▶ _Task description_
The entries that follow should be duplicated in full, without a single alteration.

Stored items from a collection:
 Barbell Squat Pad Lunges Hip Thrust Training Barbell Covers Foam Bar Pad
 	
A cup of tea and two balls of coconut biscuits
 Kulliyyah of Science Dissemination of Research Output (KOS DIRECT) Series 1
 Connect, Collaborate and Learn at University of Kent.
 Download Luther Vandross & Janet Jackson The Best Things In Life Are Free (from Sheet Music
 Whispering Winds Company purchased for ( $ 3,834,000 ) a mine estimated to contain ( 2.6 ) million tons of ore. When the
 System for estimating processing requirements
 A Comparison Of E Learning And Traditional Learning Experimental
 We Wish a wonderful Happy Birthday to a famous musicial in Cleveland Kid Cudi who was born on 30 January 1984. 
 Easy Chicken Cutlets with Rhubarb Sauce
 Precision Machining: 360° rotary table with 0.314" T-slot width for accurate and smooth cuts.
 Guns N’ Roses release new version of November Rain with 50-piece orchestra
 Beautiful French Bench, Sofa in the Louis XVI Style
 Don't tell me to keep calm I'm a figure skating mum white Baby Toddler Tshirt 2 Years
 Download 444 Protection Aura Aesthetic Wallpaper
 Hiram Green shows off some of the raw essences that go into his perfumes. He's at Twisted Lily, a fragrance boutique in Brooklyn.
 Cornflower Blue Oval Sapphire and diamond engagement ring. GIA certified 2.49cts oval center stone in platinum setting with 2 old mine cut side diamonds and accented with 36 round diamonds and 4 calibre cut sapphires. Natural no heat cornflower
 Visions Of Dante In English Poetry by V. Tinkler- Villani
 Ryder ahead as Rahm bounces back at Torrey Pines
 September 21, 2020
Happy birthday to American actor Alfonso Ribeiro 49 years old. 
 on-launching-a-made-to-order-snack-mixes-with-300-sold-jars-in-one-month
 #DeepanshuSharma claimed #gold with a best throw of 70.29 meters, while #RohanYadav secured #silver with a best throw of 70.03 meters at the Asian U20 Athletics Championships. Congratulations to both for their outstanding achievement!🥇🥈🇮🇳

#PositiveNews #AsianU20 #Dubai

▶ _Task solution_
 Barbell Squat Pad Lunges Hip Thrust Training Barbell Covers Foam Bar Pad
 	
A cup of tea and two balls of coconut biscuits
 Kulliyyah of Science Dissemination of Research Output (KOS DIRECT) Series 1
 Connect, Collaborate and Learn at University of Kent.
 Download Luther Vandross & Janet Jackson The Best Things In Life Are Free (from Sheet Music
 Whispering Winds Company purchased for ( $ 3,834,000 ) a mine estimated to contain ( 2.6 ) million tons of ore. When the
 System for estimating processing requirements
 A Comparison Of E Learning And Traditional Learning Experimental
 We Wish a wonderful Happy Birthday to a famous musicial in Cleveland Kid Cudi who was born on 30 January 1984. 
 Easy Chicken Cutlets with Rhubarb Sauce
 Precision Machining: 360° rotary table with 0.314" T-slot width for accurate and smooth cuts.
 Guns N’ Roses release new version of November Rain with 50-piece orchestra
 Beautiful French Bench, Sofa in the Louis XVI Style
 Don't tell me to keep calm I'm a figure skating mum white Baby Toddler Tshirt 2 Years
 Download 444 Protection Aura Aesthetic Wallpaper
 Hiram Green shows off some of the raw essences that go into his perfumes. He's at Twisted Lily, a fragrance boutique in Brooklyn.
 Cornflower Blue Oval Sapphire and diamond engagement ring. GIA certified 2.49cts oval center stone in platinum setting with 2 old mine cut side diamonds and accented with 36 round diamonds and 4 calibre cut sapphires. Natural no heat cornflower
 Visions Of Dante In English Poetry by V. Tinkler- Villani
 Ryder ahead as Rahm bounces back at Torrey Pines
 September 21, 2020
Happy birthday to American actor Alfonso Ribeiro 49 years old. 
 on-launching-a-made-to-order-snack-mixes-with-300-sold-jars-in-one-month
 #DeepanshuSharma claimed #gold with a best throw of 70.29 meters, while #RohanYadav secured #silver with a best throw of 70.03 meters at the Asian U20 Athletics Championships. Congratulations to both for their outstanding achievement!🥇🥈🇮🇳

#PositiveNews #AsianU20 #Dubai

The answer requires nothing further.